Magnus Danielson cfmd at swipnet.se
Sun Oct 3 23:40:14 CEST 1999


From: Rene Schmitz <uzs159 at uni-bonn.de>
Subject: Some phasemodulation thoughts
Date: Sun, 03 Oct 1999 23:46:25 +0200

> Hi all!
> 
> I've been thinking about Maciej's proposal makeing a phase modulator from a
> wavetable oscillator. 
> 
> Now my idea would be to use a analog sinewave generator (like the AD639).
> (For all who don't know that chip: It can generate a voltage proportional
> to sin(x) for +/-500degrees!)
> However I would try to implement it using discretes, I've read the
> discussion of that chip on Martin Czechs website, where the idea of the
> internal circuits are shown. (http://www.geocities.com/SoHo/Museum/4459/)
> I simulated a circuit which can do +/-360 degrees. (But I'm not sure about
> temperature compensation. As of yet the "phase gain" depends still on
> temperature.) 
> 
> The task would be to add the output of a sawtooth VCO together with the
> modulation signal. 
> 
> To allow for deeper phasemodulation one could "wrap" the phase signal with
> a circuit similar to the serge waveshaper. The folding should occur at
> +/-(3/2)pi. Let pi=1 (volts :-) and set up a chain of full wave rectifiers
> to fold the modulation voltage at +/-1.5V +/-3V +/-4.5V ...
> The amplitude of the saw would have to be 1V (2Vpp).
>
> However, the sinewave shaper is not necessary at all, for makeing a
> triangle one can just use the waveshaper chain, and add a second signal to
> a sawtooth input. The foldover points would have to be at multiples of the
> sawtooth amplitude then. But doing a triangle like this and feeding it to a
> sineshaper afterwards will not yield the same results!

First, thanks for the reference into MC's pages, I didn't know he had
additional Serge Wave Multiplier material there.

Martin Czechs: You have old links to my material - it is now at
http://home.swipnet.se/cfmd/ but the tree looks the same from there.
You others may take a look at your links to me. I will soon go and actively
search for wrong links!

Then, I have also been thinking about a similar way of doing things.
For instance, if you look at http://home.swipnet.se/cfmd/synths/schematics/
you will find a very crude schematic on a sawtooth frequency doubler idea
that I got once. It basically builds on a comparator which compares against
some level (0V in this case) and uses a diode to only pull in one direction.
Then, the original signal is added to this squarewave and the R3 will put
the signal back on balanced levels (+/- 2.5 V) while the U1B will get it up
to level again. This scheme will produce a double frequency sawtooth in a
very rude and really glitchy way. People should note that the schematic shows
a curcuit that is intended to be used alongside the ASM-1 VCO. It's easy
enougth to rescale it. A version of this has been realized by Jörgen Bergfors
for his ASM-1 VCO based VC-LFO.

In a similar manor may you build up the necessary wrapper curcuit that you
where discussing. You would need to insert more comparators and set their
up their comparator values in the same fashion as for a flash A/D converter.
The end result of those outputs (mixed 1:1 just the same way as I did it)
would look like the result if you A/D and D/A converted the signal.

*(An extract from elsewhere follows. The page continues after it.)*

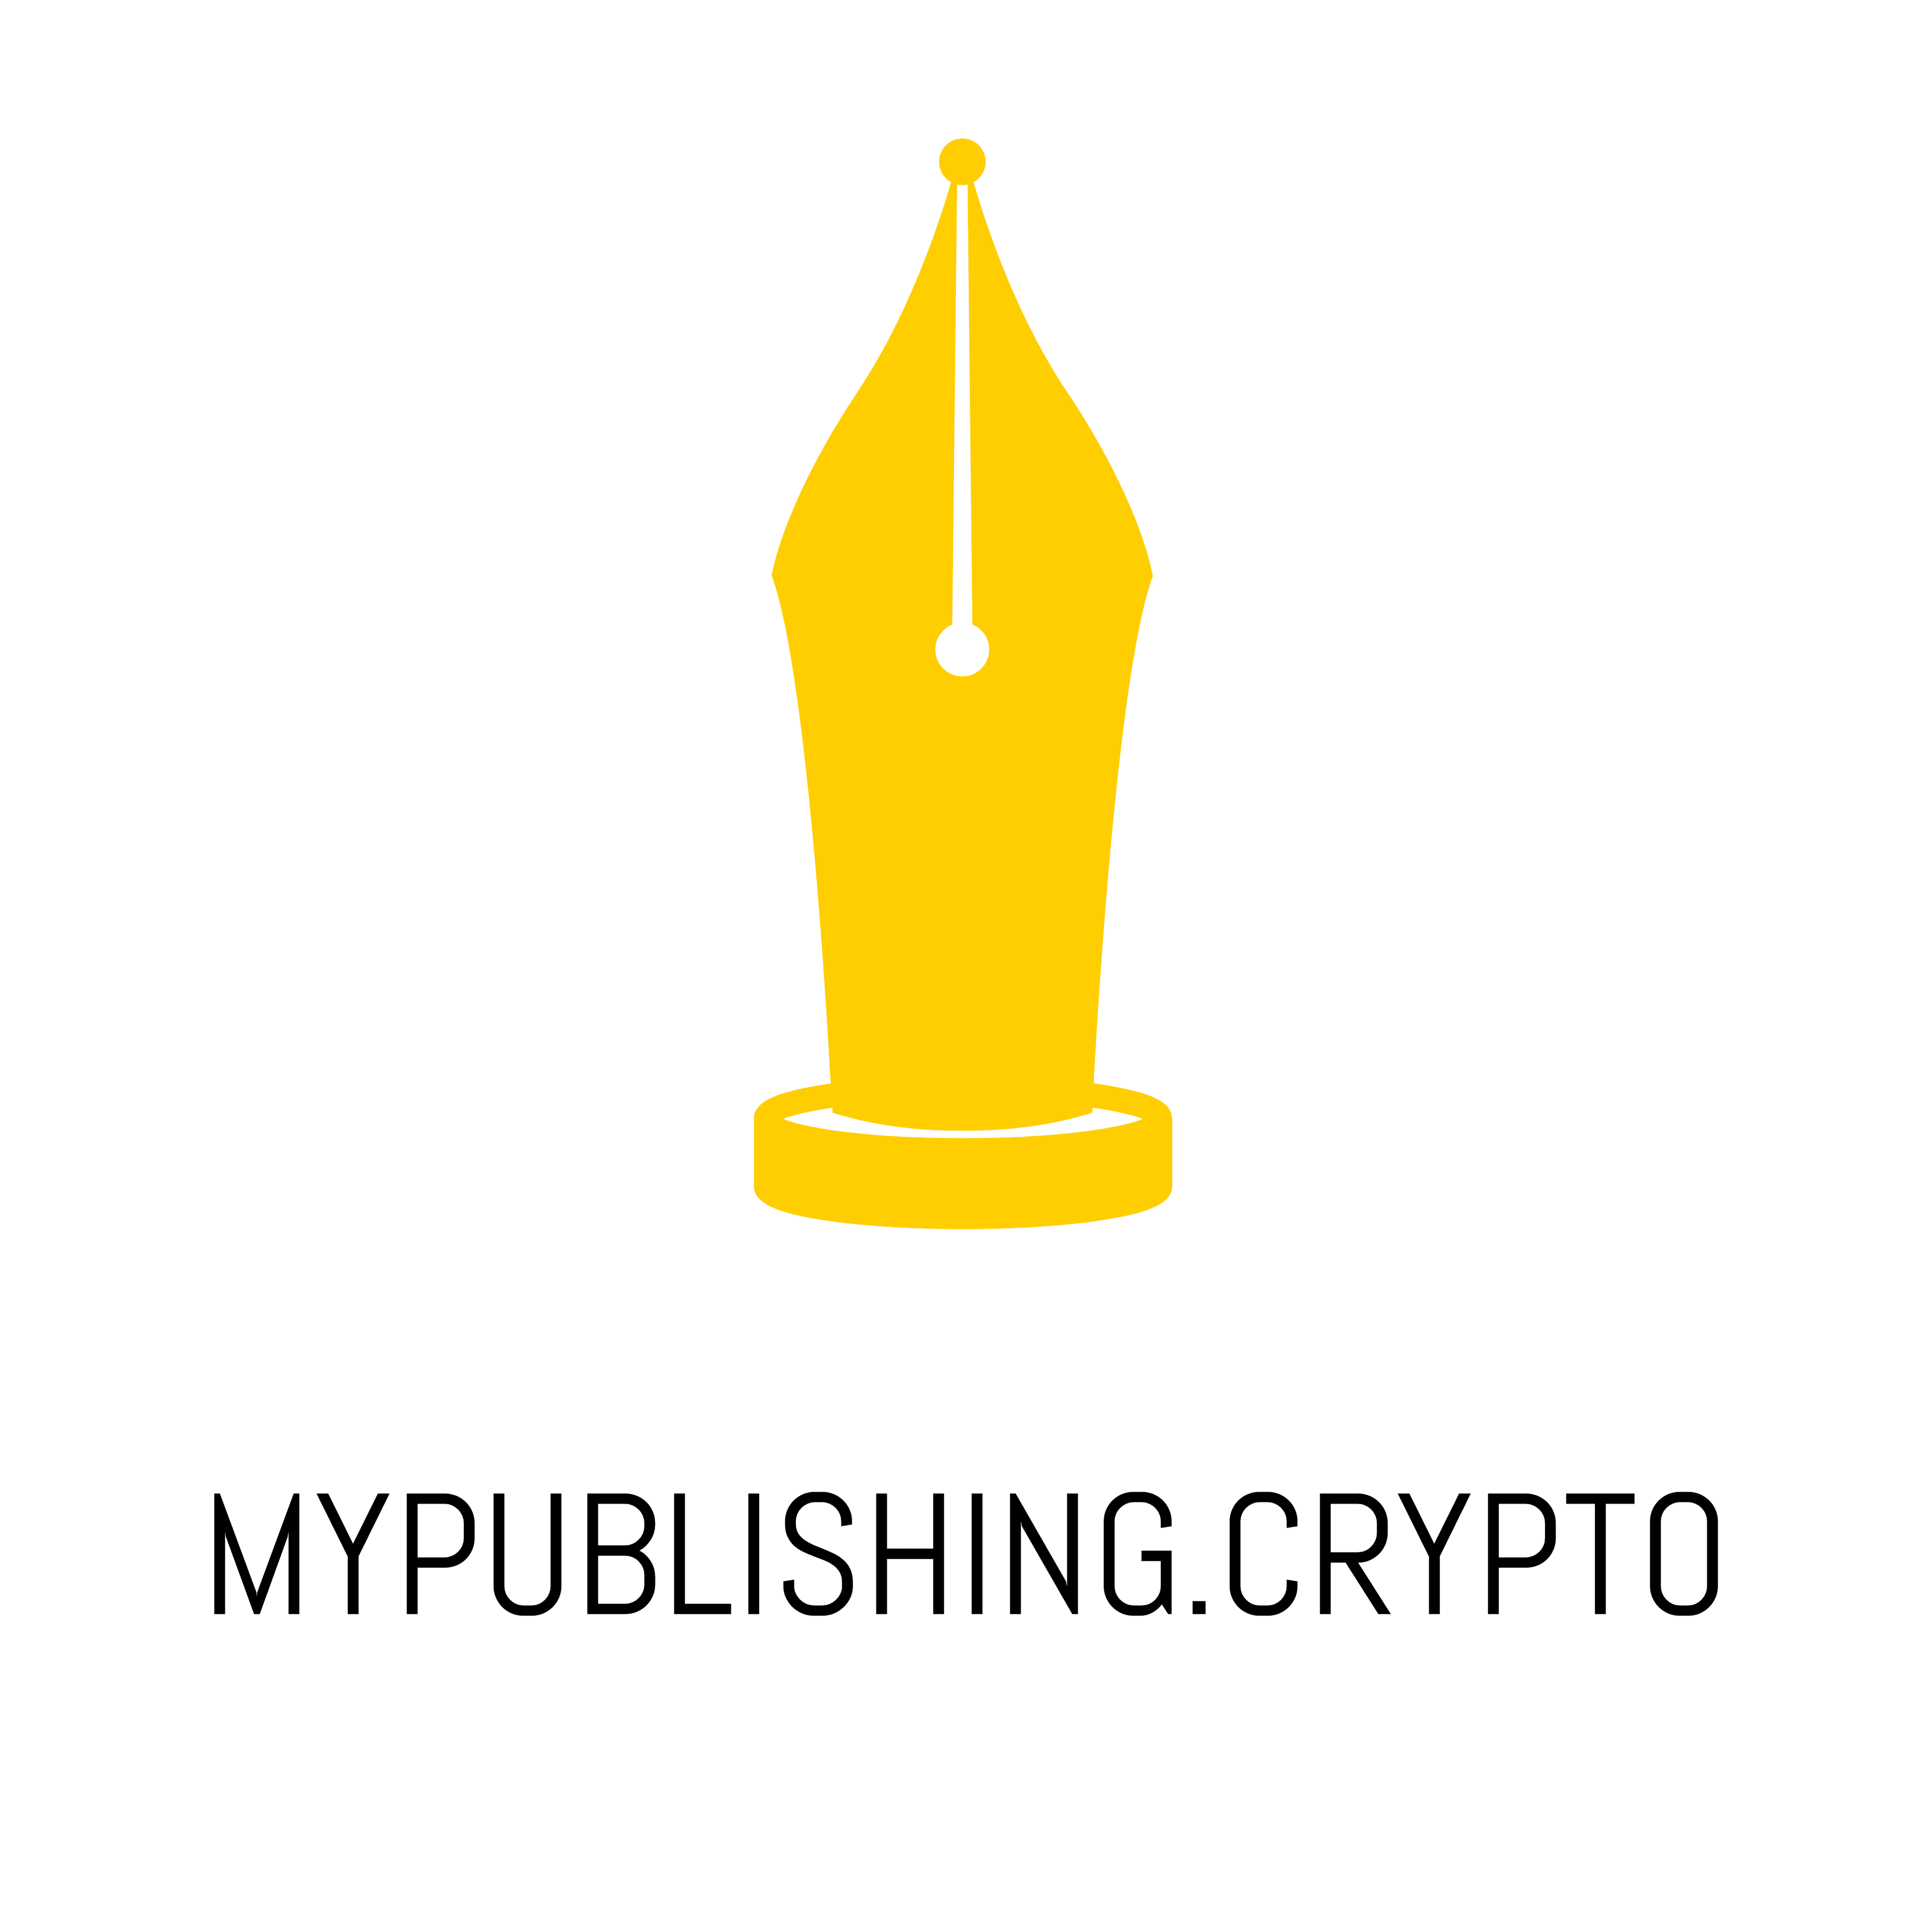 Product MyPublishing.Crypto Ethereum Blockchain Website Web3 - UPLY MEDIA Digital Marketing Company image

The mixing would have to be adjusted, so would the output gain. These
properties will depend on the number of comparators being used.

This form of phase modulation is limited in the number of cycles you may
modulate, those the depth. However, for small cycle counts it will work
pretty well.

Another method of doing it would be to do some brain surgery into the VCO core.
If we take a VCO core like the ASM-1 VCO (which is quite similar to many
others) you can do it like this:

1) Create a diffrential curcuit through which you send your modulation signal.

2) Add the output modulation signal to the load current signal of the
   capacitor.

3) Add a negative reset curcuit to the VCO, core. This is necessary for taking
   the oscillator multiple of cycles backwards. This basically means another
   LM311 comparator with associated curcuitry (including another reset JFET).

The benefit of this method of doing things is that you are not fundamentally
sensitive to the number of cycles you move backwards. However, the diffrential
curcuit is prone to leakage and imperfections just as a integrator is, so care
has to be taken into avoid it, this makes very low frequency modulations a
headache where as the other modulation technique excell in low frequency
modulation.

For those who is really eager to solve these things, you can do a hybrid
solution, so that you can actually compensate for leakage as well as take care
of low freqency modulation in the backend where as deep highfrequency goes
into the VCO core. This takes some additional enginneering to do, but i think
you can do it.

The diffrentiation of the modulation signal will basically take out the
integration done in the VCO core, so by feeding a diffrentiated modulation
signal will the sum signal after the VCO integration be the same, just that
the voltage limitation is not there.

I have been considering doing this to a ASM-1 VCO, but never come around to
actually do it. Note that you can also add deep linear FM modulation signal the
same way, but add the FM signal after the diffrentiation. Those one would end
up with a deluxe VCO having exp FM as well as deep lin FM and lin PM.

Should we try this?

Any killers anyone?

I could enginneer some untested schematics if really needed.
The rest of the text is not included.